Build a Real-Time RAG Pipeline with Streaming SQL

Build a Real-Time RAG Pipeline with Streaming SQL

·

13 min read

Introduction

Your RAG application answers questions about products, but the prices it quotes are from last night's batch run. A customer asks about availability, and the system confidently recommends an item that sold out three hours ago. The LLM response is fluent, well-structured, and completely wrong.

This is the core failure mode of batch-oriented RAG pipelines. The retrieval layer serves stale context, and no amount of prompt engineering can fix data that was outdated before the query arrived. For any domain where facts change throughout the day (inventory, pricing, policy documents, support tickets), a real-time RAG pipeline is not optional. It is a correctness requirement.

In this guide, you will build a production real-time RAG pipeline using streaming SQL in RisingWave. You will capture changes from your operational database via CDC, transform and enrich the data with materialized views, and sink fresh structured attributes to a vector database. Every code example targets RisingWave v2.8 and uses verified syntax from the official documentation.

Why Do Static RAG Pipelines Produce Stale and Inaccurate Results?

A static RAG pipeline is one where documents are embedded once during an indexing job and stored in a vector database. The retrieval layer searches those embeddings at query time, but the underlying data may have changed hours or days ago. This gap between the source of truth and the retrieval index is the root cause of stale RAG responses.

The batch embedding problem

Most RAG tutorials follow the same pattern: load documents, chunk them, generate embeddings, and push to a vector store. This works for static knowledge bases, but production data is not static. Consider what happens when:

  • Prices change: Your product catalog updates pricing multiple times per day, but the embeddings still reference yesterday's prices.
  • Inventory depletes: Items sell out, but the vector store still contains chunks describing them as "in stock."
  • Policies update: Return policies, warranty terms, or compliance rules change, but the RAG system serves the old version.

The problem is not the embedding model. The problem is that the pipeline treats indexing as a one-time event rather than a continuous process.

Vector attributes go stale faster than you think

A real-time RAG pipeline is a system where the retrieval context is continuously updated as source data changes, so that every query hits fresh, accurate information. In many RAG architectures, the vector embedding captures semantic meaning (what a product is), but the structured metadata attached to each vector (price, stock level, category, status) drives the actual usefulness of the response. These attributes are the first to go stale.

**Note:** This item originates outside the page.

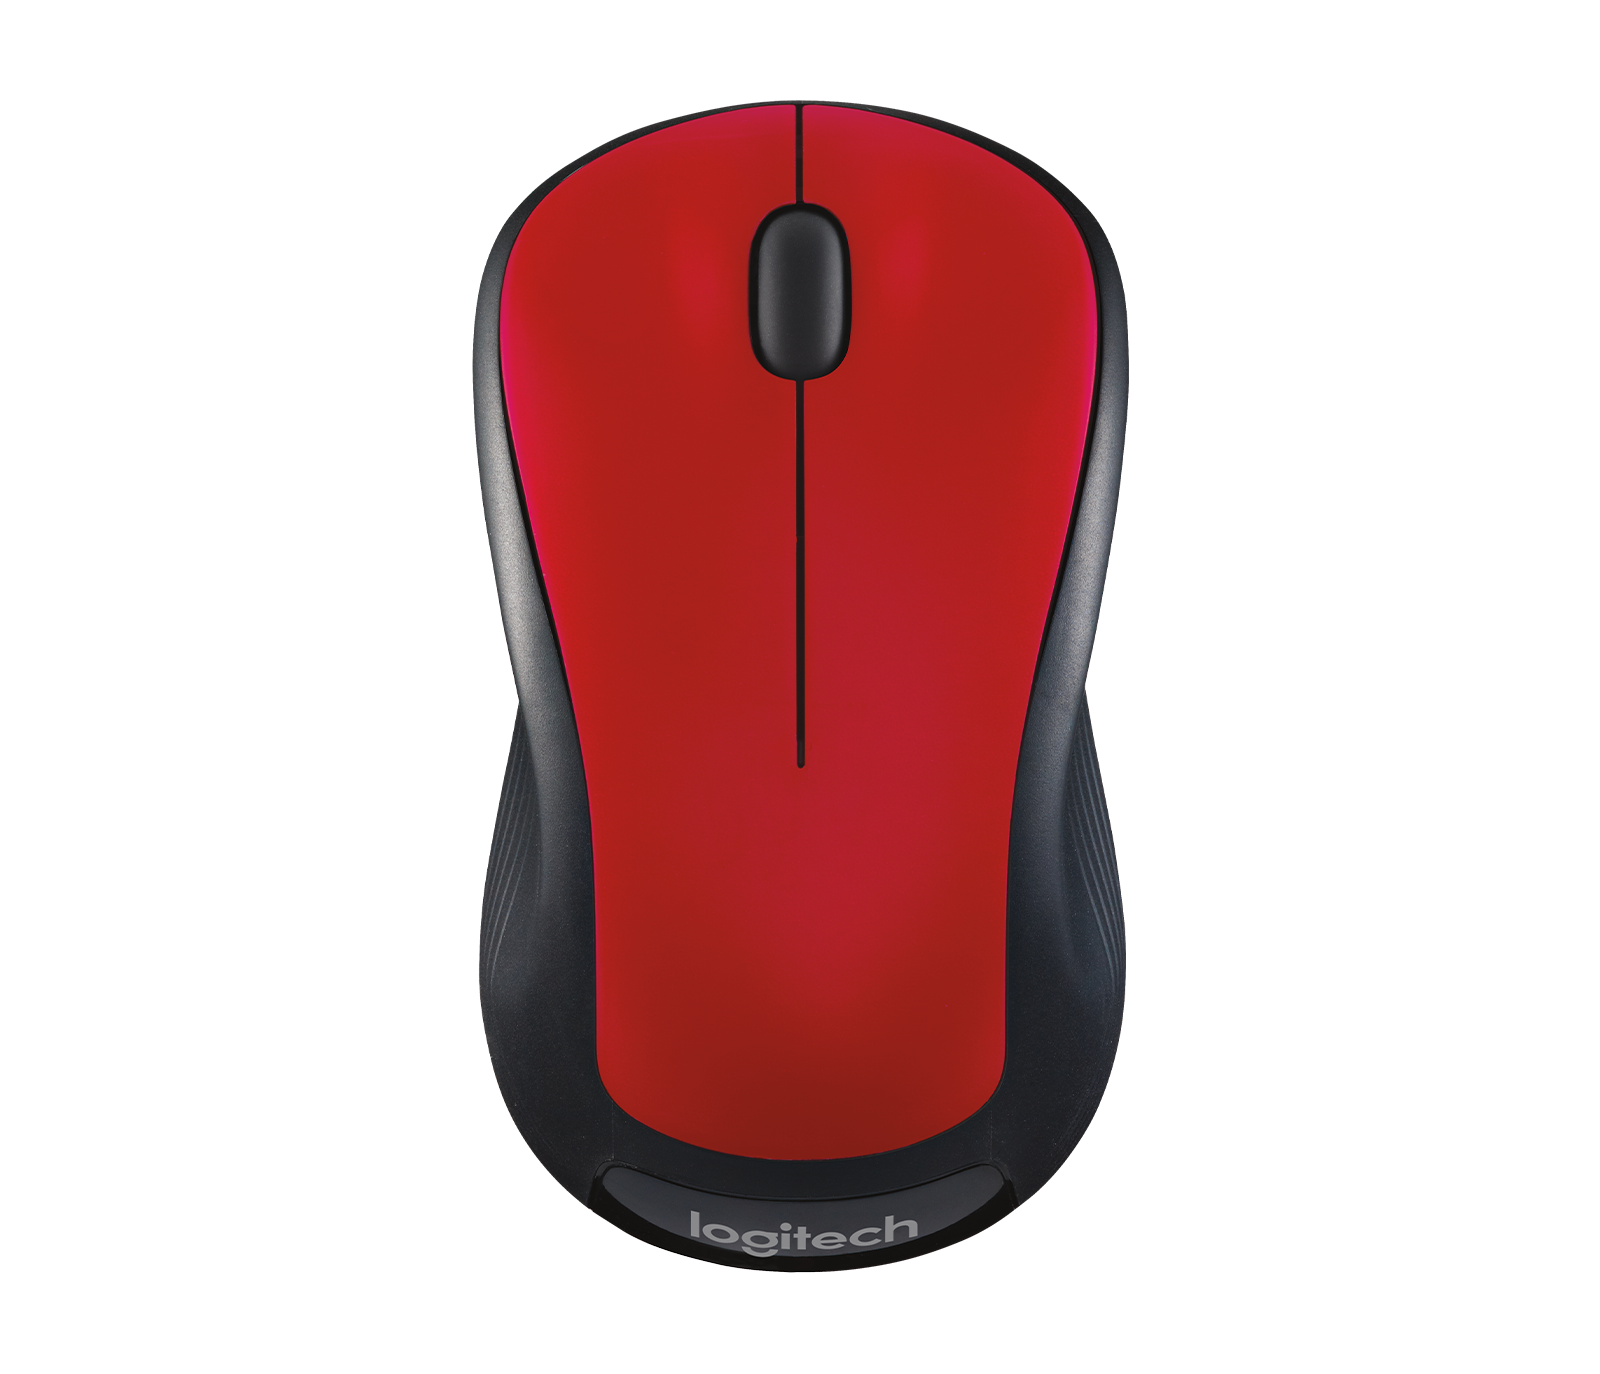 miles rent faktisk mørk Logitech M310 Wireless Mouse with Ambidextrous Design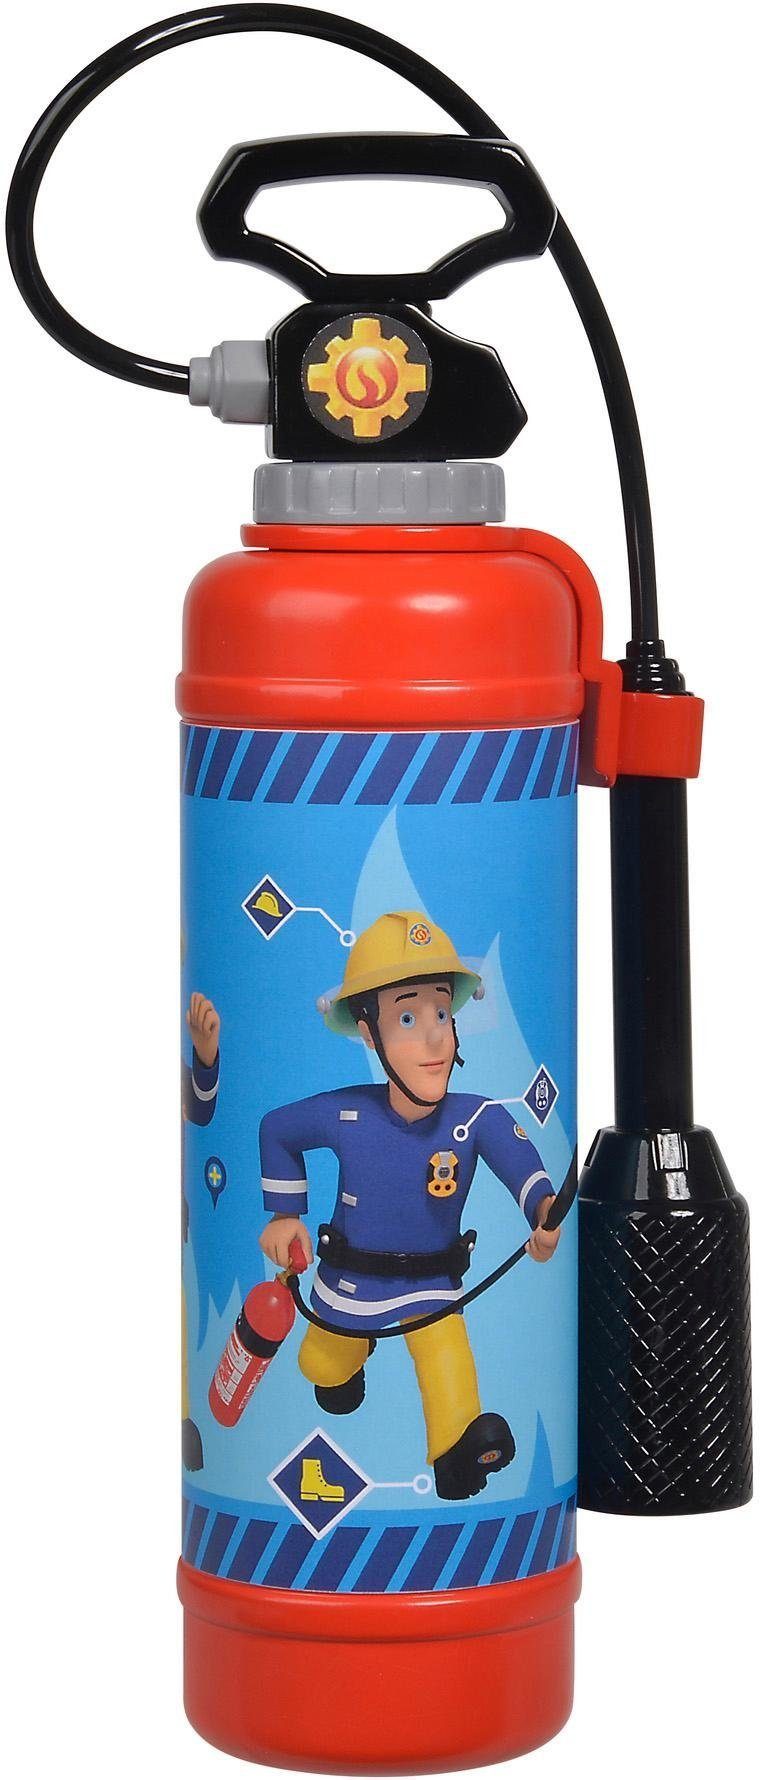 Feuerlöscher Pro SIMBA Feuerwehrmann Sam, Badespielzeug

Consider an e-commerce support chatbot. The embedding for "wireless noise-cancelling headphones" stays semantically valid for months. But the metadata fields that matter to customers change constantly:

AttributeUpdate frequencyStaleness impact
PriceMultiple times dailyCustomer sees wrong price, erodes trust
Stock statusEvery transactionBot recommends unavailable items
Shipping estimateHourlyInaccurate delivery promises
Review scoreWith each new reviewOutdated social proof

When a customer asks "What are your best headphones under $200?", the LLM needs current pricing to filter correctly. Stale metadata means the answer is wrong even though the retrieval found the right product.

Example: a support RAG that recommends discontinued products

A real scenario illustrates the cost. An electronics retailer runs a customer support RAG agent. The product catalog lives in PostgreSQL. The RAG pipeline runs a nightly batch job: extract all products, generate embeddings, and upsert to Pinecone with metadata (price, availability, category).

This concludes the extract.